-- RECORDS SHOWN follows --

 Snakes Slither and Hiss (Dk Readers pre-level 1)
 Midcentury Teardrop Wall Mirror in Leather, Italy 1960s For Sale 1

-- RECORDS SHOWN concluded --
-- RECORDS SHOWN follows --

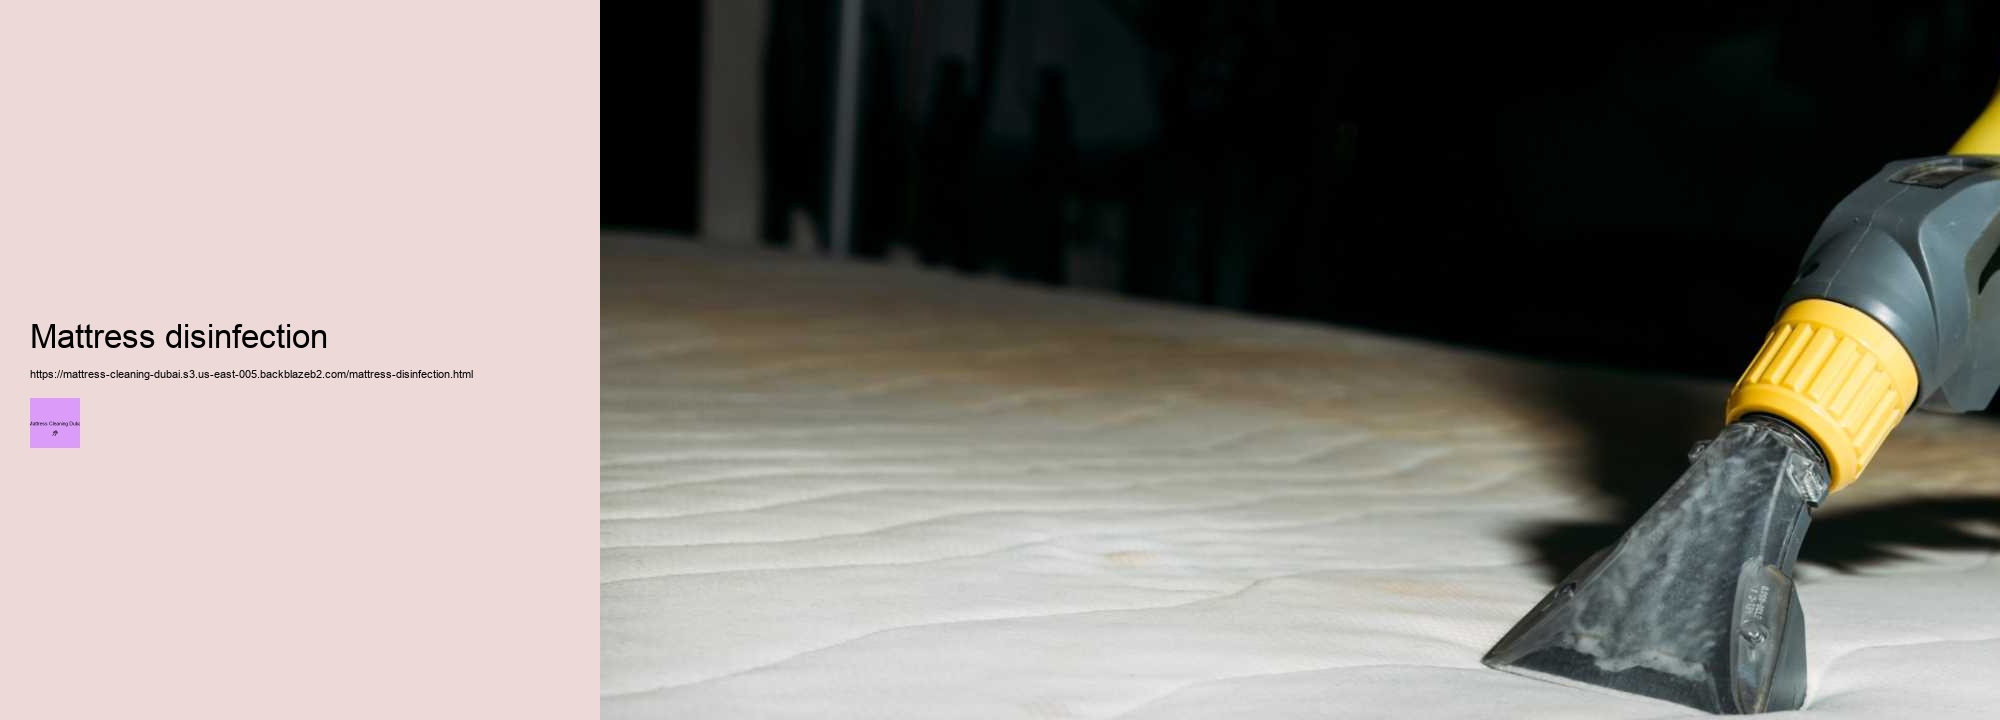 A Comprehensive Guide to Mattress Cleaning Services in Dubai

-- RECORDS SHOWN concluded --
-- RECORDS SHOWN follows --

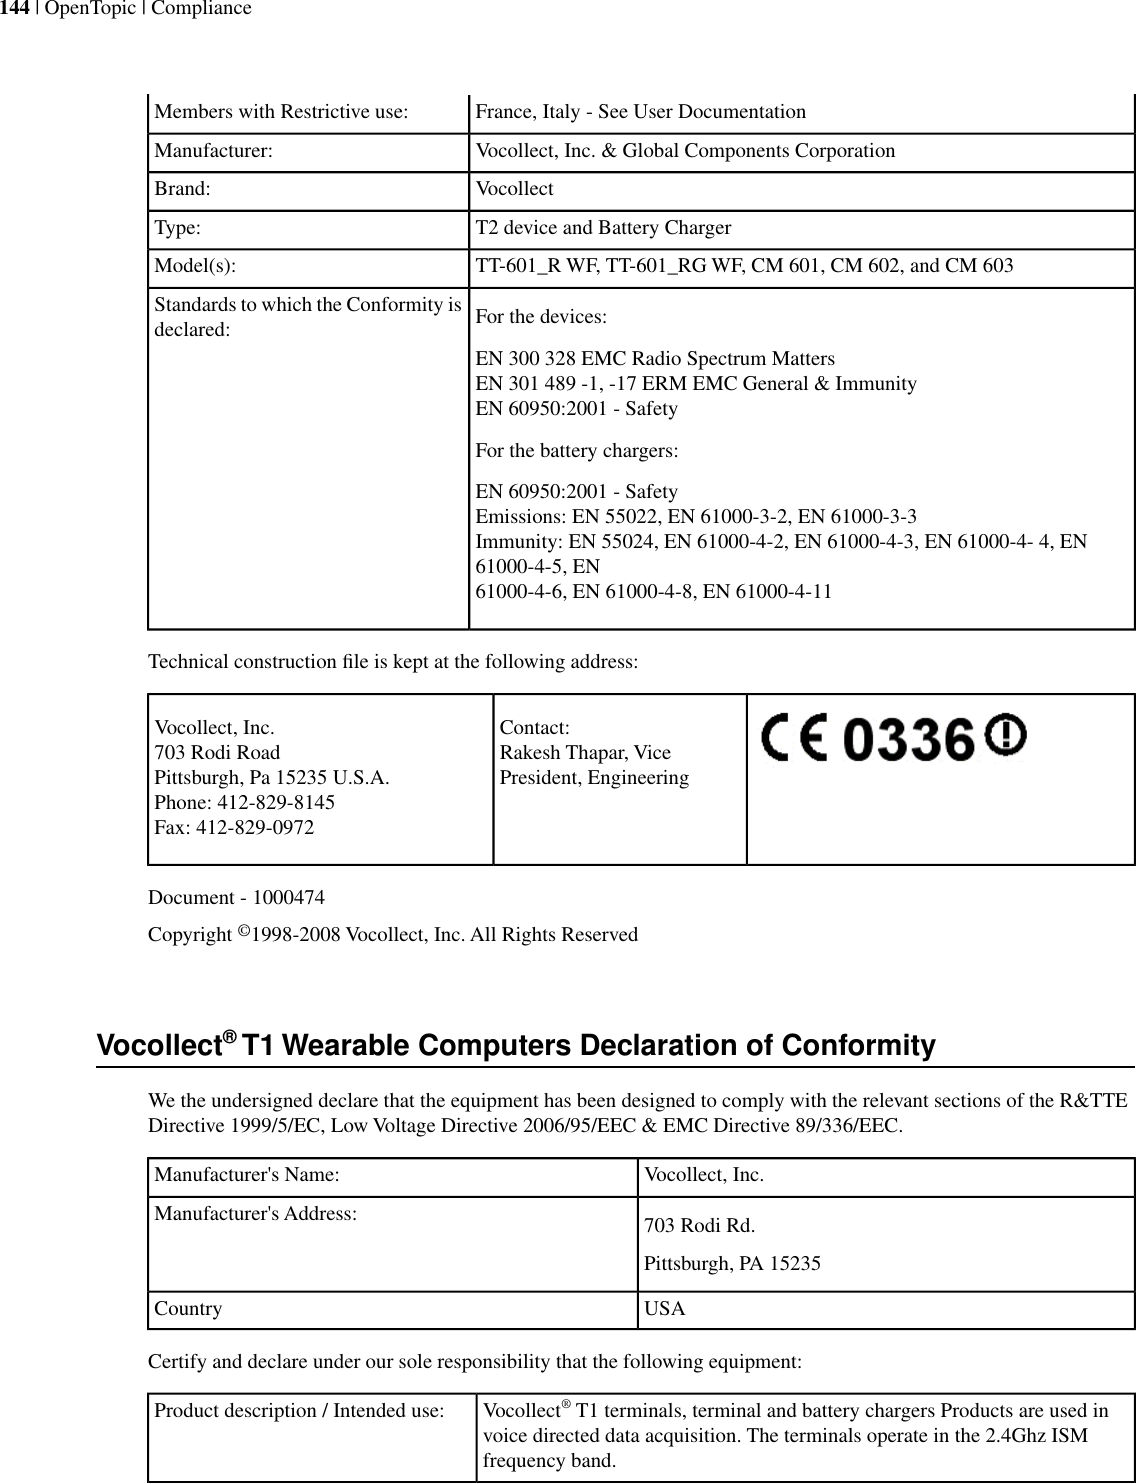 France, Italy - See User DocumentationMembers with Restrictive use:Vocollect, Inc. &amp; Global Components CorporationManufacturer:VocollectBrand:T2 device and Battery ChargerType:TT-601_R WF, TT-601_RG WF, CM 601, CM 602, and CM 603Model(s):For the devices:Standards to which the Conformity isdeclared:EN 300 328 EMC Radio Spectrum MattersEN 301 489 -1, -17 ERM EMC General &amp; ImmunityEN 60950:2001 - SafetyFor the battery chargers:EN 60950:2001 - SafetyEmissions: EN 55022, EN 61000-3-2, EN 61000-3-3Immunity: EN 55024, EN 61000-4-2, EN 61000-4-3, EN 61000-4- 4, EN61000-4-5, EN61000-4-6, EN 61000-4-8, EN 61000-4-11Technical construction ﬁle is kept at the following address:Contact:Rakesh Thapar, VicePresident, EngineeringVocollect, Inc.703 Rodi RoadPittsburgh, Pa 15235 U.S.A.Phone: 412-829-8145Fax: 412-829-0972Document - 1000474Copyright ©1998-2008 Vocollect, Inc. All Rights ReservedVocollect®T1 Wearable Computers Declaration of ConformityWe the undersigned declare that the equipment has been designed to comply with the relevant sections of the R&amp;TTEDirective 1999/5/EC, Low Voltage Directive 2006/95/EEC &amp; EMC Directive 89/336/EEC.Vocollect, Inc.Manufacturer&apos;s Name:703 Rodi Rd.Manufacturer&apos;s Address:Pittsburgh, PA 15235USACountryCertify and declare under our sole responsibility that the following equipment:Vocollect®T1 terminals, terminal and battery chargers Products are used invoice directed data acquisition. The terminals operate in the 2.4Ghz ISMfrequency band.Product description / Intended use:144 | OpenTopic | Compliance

-- RECORDS SHOWN concluded --

▶ **BRIEF**
From the entries above, extract only the lines running from the one containing "Snakes Slither and" through the one containing "Midcentury Teardrop Wall", inclusive.

▶ **ANSWER**
 Snakes Slither and Hiss (Dk Readers pre-level 1)
 Midcentury Teardrop Wall Mirror in Leather, Italy 1960s For Sale 1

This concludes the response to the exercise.